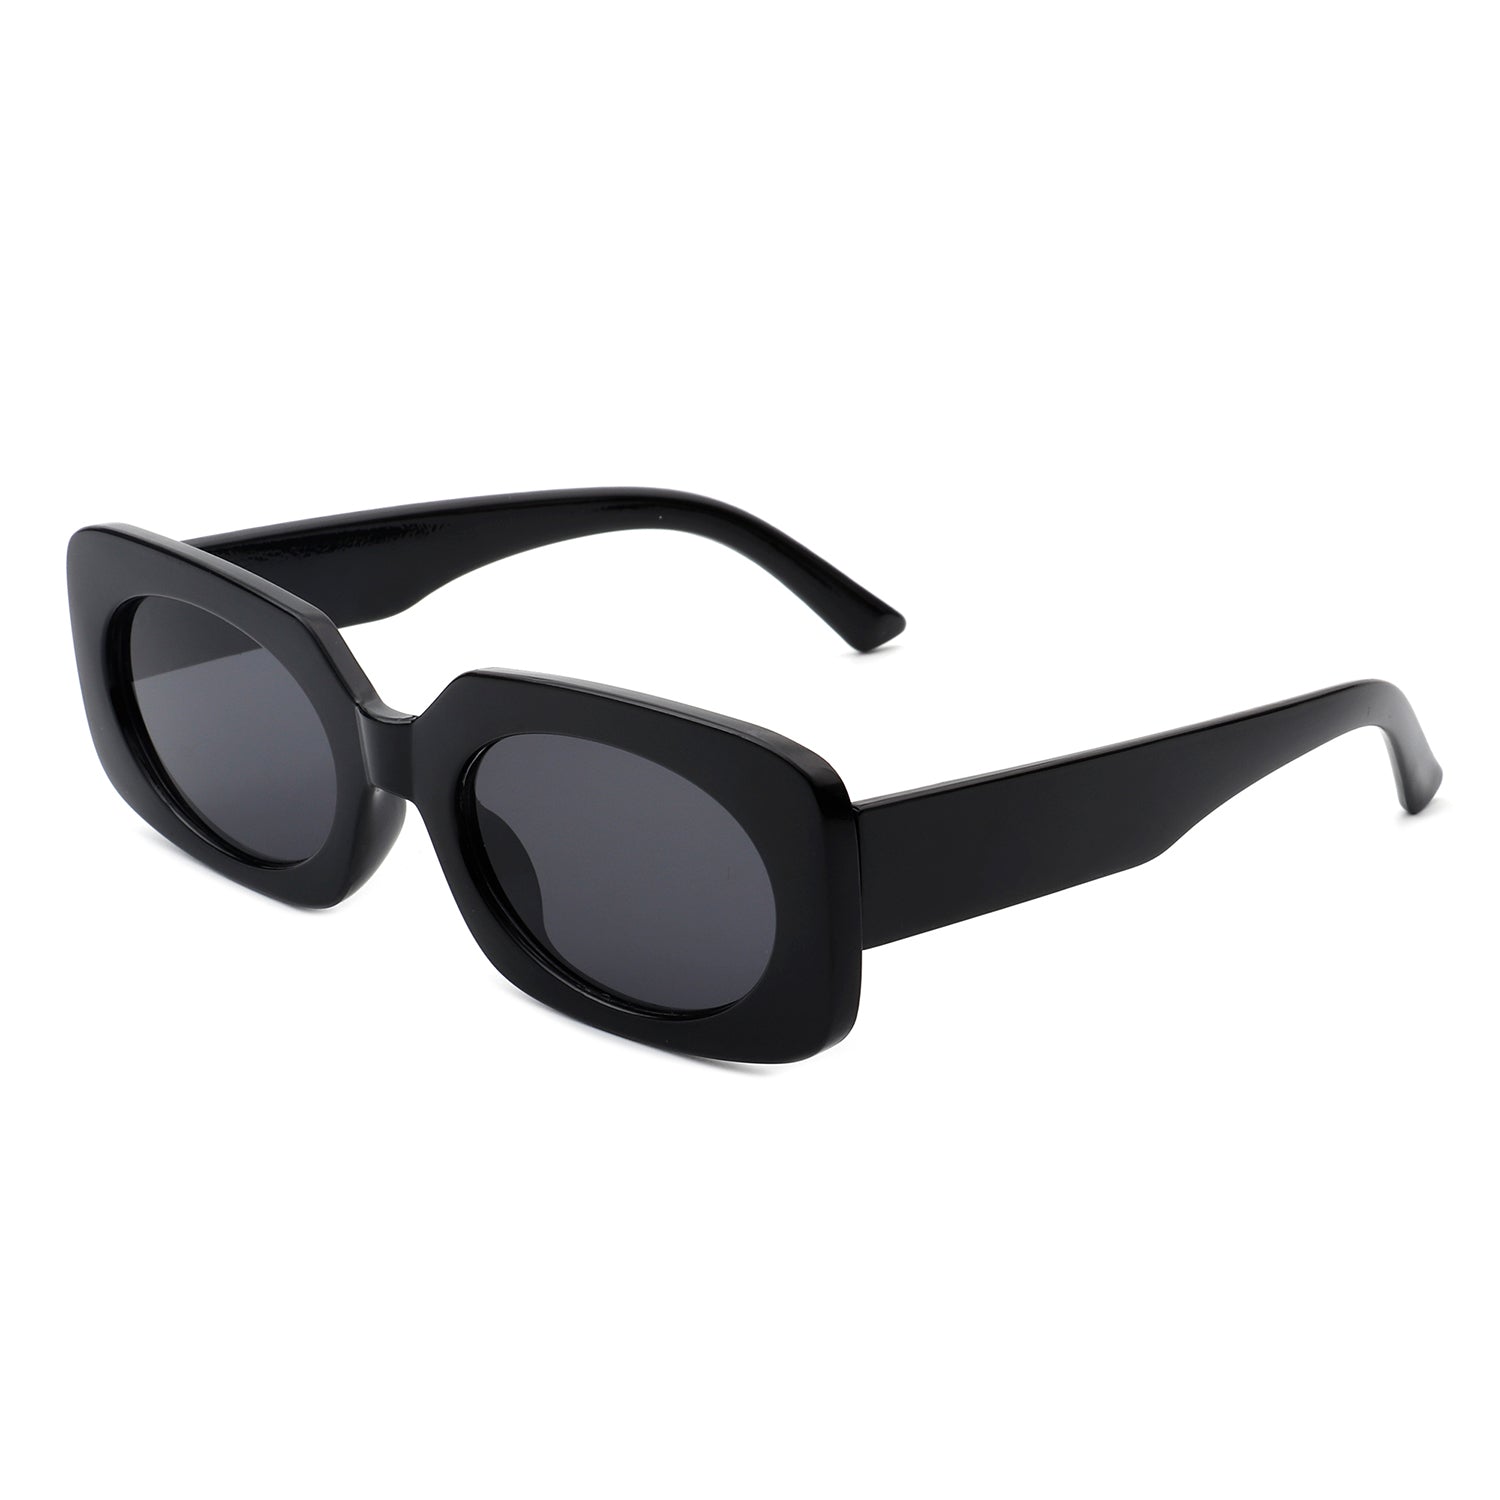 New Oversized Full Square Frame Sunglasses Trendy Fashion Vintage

● ● ●

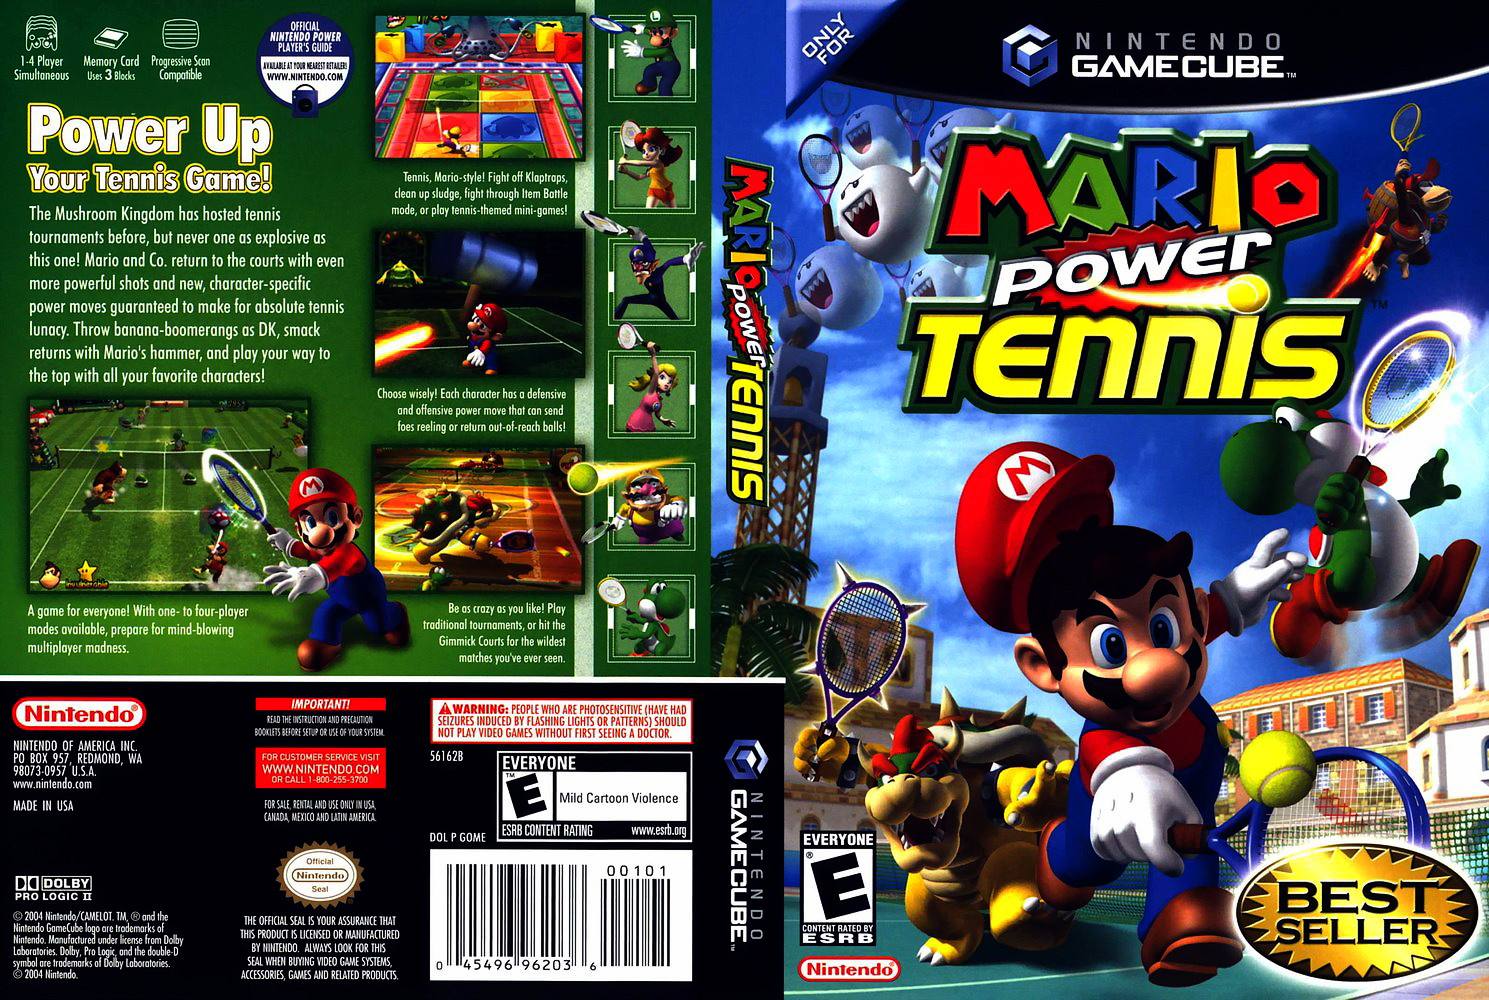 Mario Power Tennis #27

● ● ●

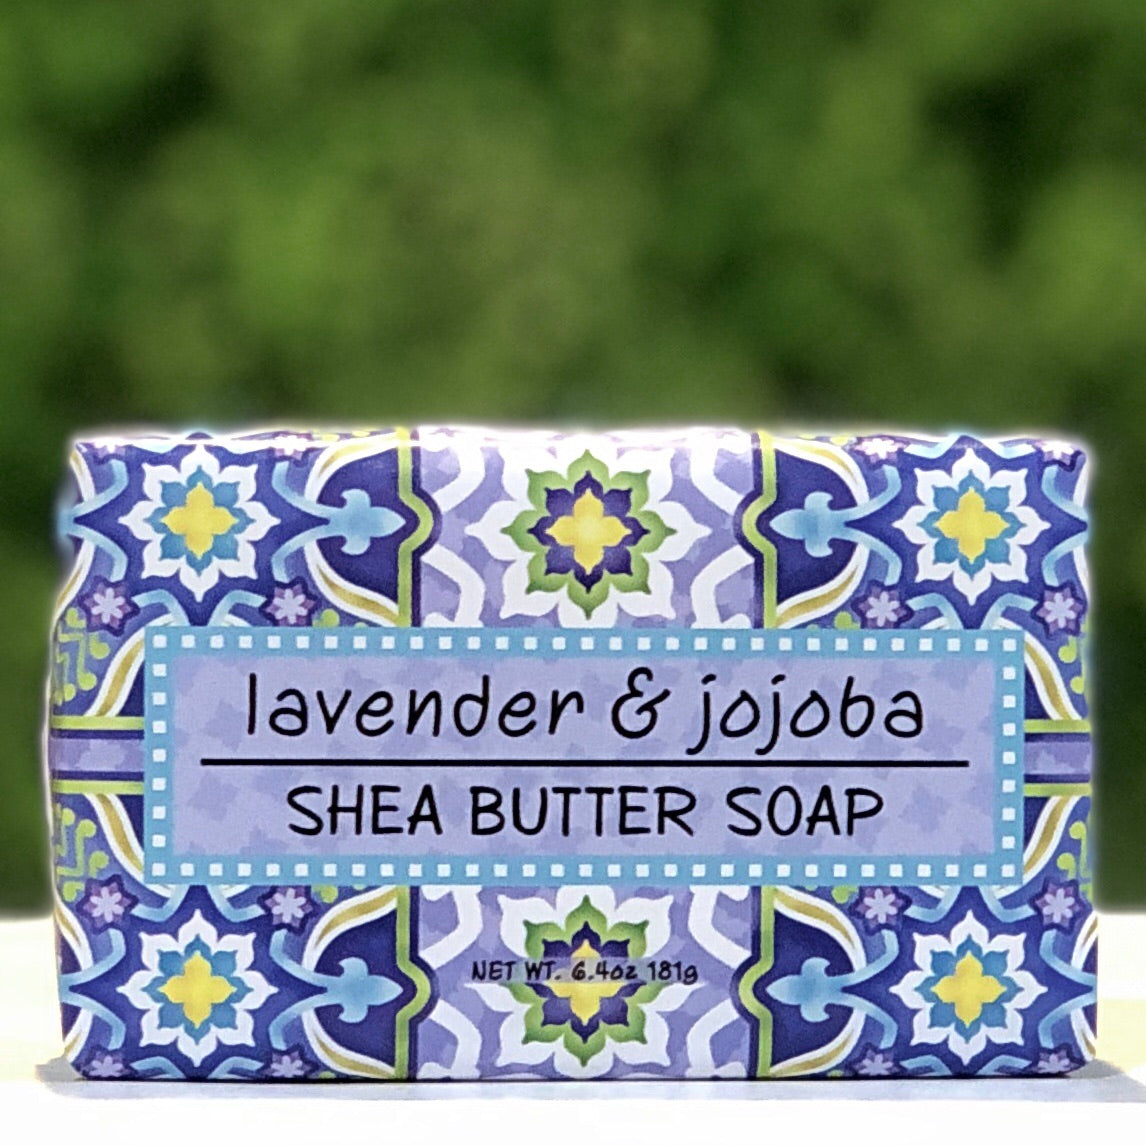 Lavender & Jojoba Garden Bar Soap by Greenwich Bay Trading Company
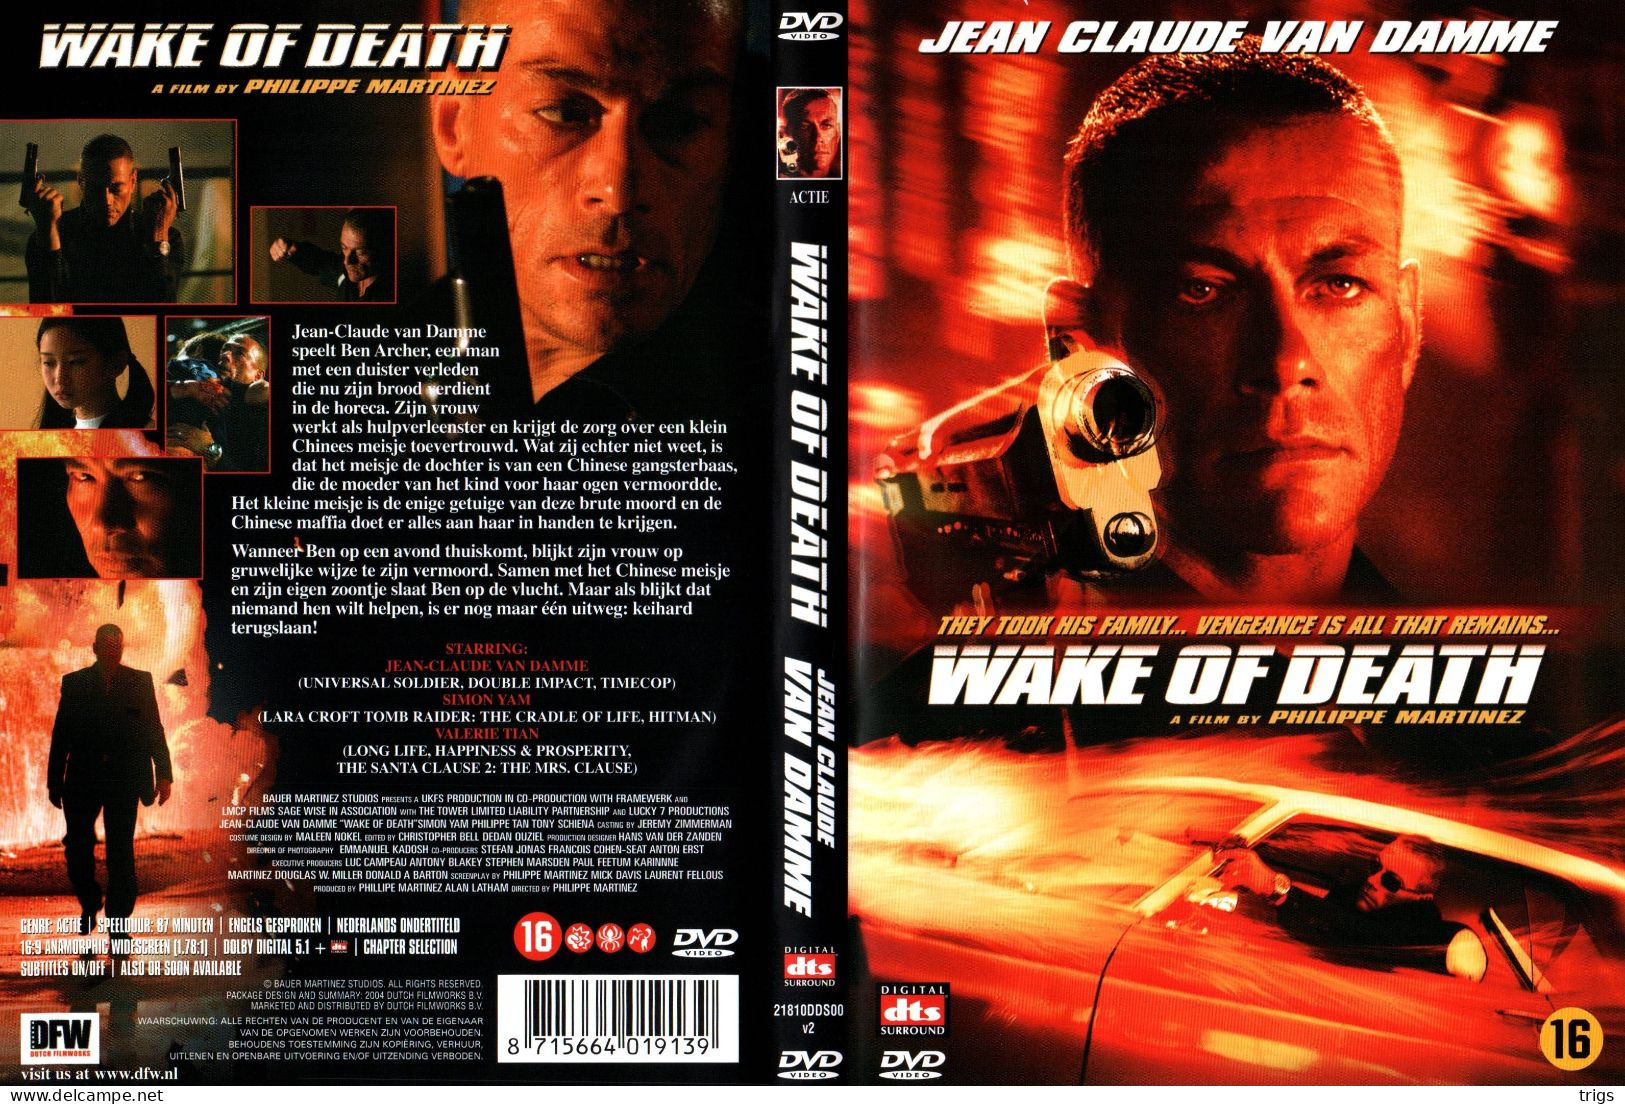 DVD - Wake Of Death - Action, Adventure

● ● ●

#### EXERCISE AIM
Pictures excluded, reproduce only the part above that opens with the line holding "Lavender & Jojoba" and closes with the line holding "DVD - Wake Of Death - Action, Adventure", exactly as written.

#### SOLUTION TO THIS PROBLEM
 Lavender & Jojoba Garden Bar Soap by Greenwich Bay Trading Company
 DVD - Wake Of Death - Action, Adventure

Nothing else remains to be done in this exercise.